There is an abundance of data searchable through NASA's [Earthdata Search](https://search.earthdata.nasa.gov). These are examples of [SpatioTemporal Asset Catalogs (STAC)](https://stacspec.org/) in that data is typically associated with a specific *Area of Interest (AOI)* and a *time-window* or *range of dates*.
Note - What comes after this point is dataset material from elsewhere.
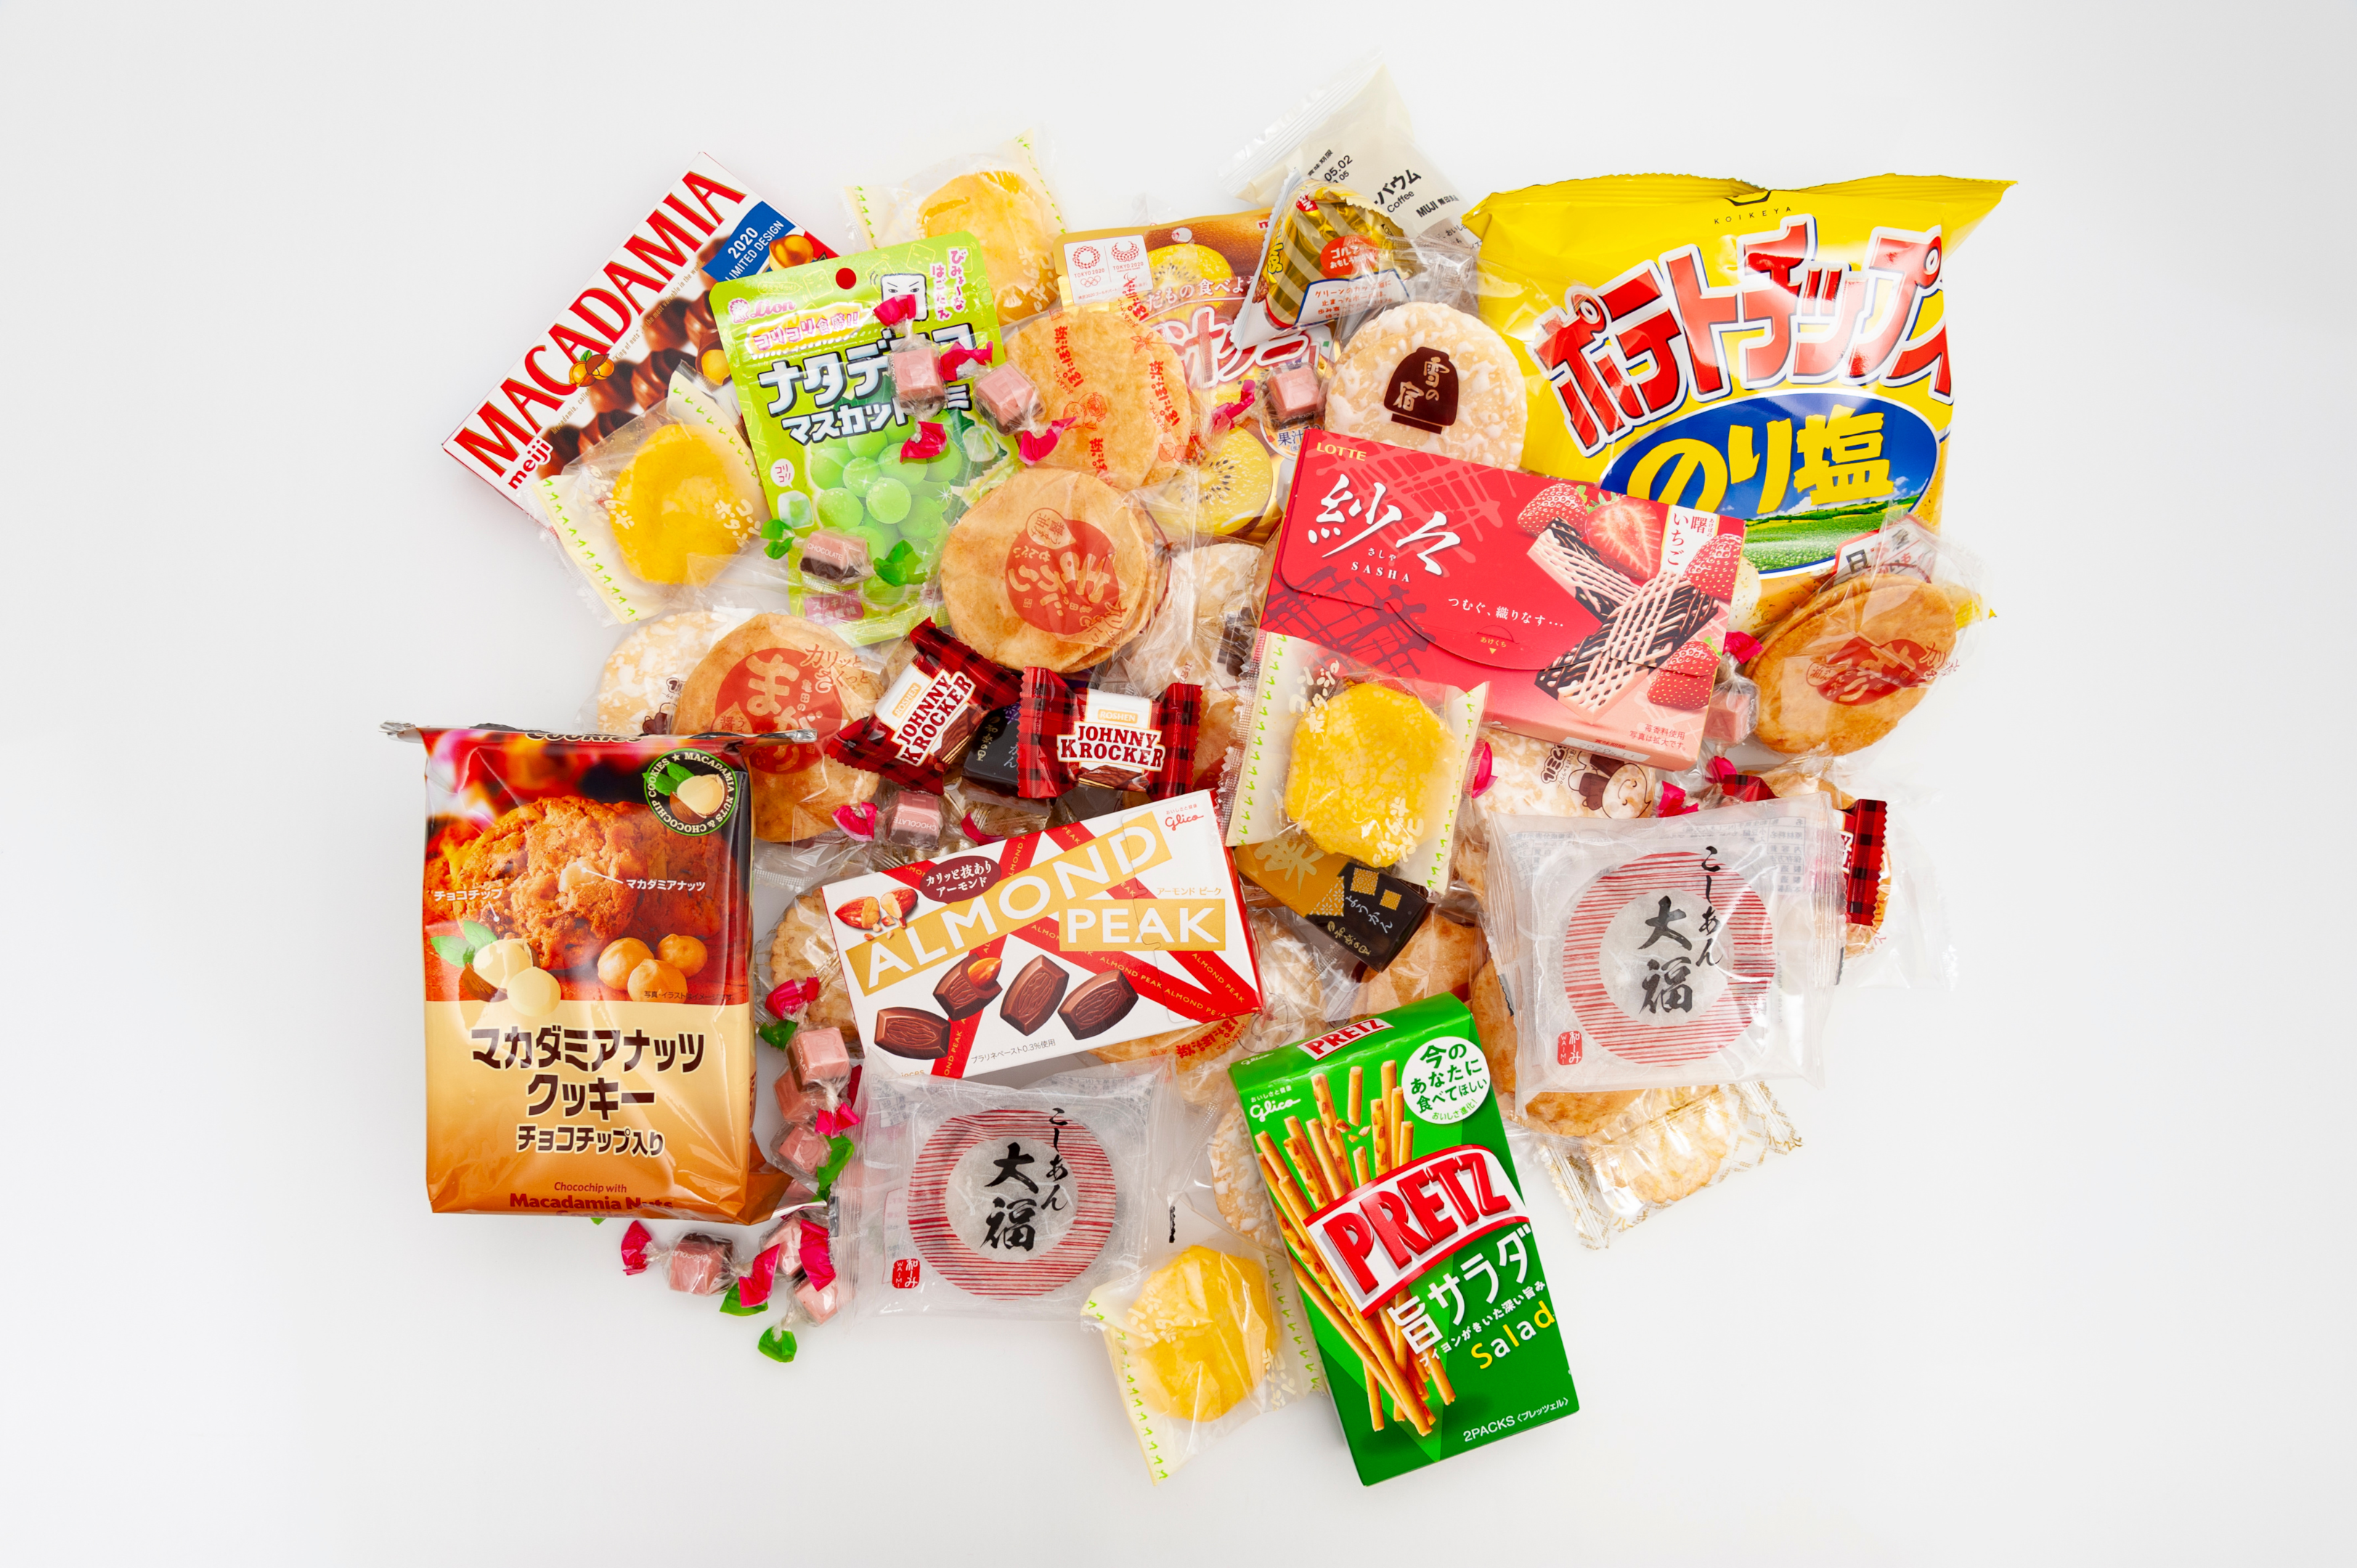 Traditional and modern Japanese sweets and snacks

For the sake of reproducibility, we want to search asset catalogs programmatically. This is where the [PySTAC](https://pystac.readthedocs.io/en/stable/) library comes in.

---

In [None]:
from warnings import filterwarnings
filterwarnings('ignore')

# data wrangling imports
import numpy as np
import pandas as pd
import xarray as xr
# STAC imports to retrieve cloud data
from pprint import pprint
from pystac_client import Client

In [None]:
# Imports for plotting
import hvplot.pandas
import geoviews as gv
from geoviews import opts
gv.extension('bokeh')

## Defining AOI & range of dates

Heavy rains severely impacted Argentina in March 2024 [[1]](https://www.reuters.com/world/americas/argentina-downpour-drenches-crop-fields-flash-floods-buenos-aires-2024-03-12/). The event resulted in flash floods and impacted crop yields, severely impacting the Buenos Aires metropolitan area, and caused significant damage to property and human life. In this notebook, we'll set up a DataFrame to process results retrieved when searching relevant OPERA DSWx-HLS data catalogs.

In [None]:
# Define data search parameters

# Define AOI as left, bottom, right and top lat/lon extent
aoi = (-59.63818, -35.02927, -58.15723, -33.77271)
# We will search data for the month of March 2024
date_range = '2024-03-01/2024-03-31'

Make a quick visual check that the tuple `aoi` actually describes the geographic region around Buenos Aires.

In [None]:
basemap = gv.tile_sources.OSM
rect = gv.Rectangles(aoi).opts(opts.Rectangles(alpha=0.25, color='cyan'))

rect*basemap

## Executing a search with the PySTAC API

In [None]:
# We open a client instance to search for data, and retrieve relevant data records
STAC_URL = 'https://cmr.earthdata.nasa.gov/stac'

# Setup PySTAC client
catalog = Client.open(f'{STAC_URL}/POCLOUD/')
collections = ["OPERA_L3_DSWX-HLS_V1"]

# We would like to search data using the search parameters defined above.
opts = {
    'bbox' : aoi, 
    'collections': collections,
    'datetime' : date_range,
}

search = catalog.search(**opts)

In [None]:
print(f'{type(search)=}')

In [None]:
results = list(search.items_as_dicts())
print(f"Number of tiles found intersecting given bounding box: {len(results)}")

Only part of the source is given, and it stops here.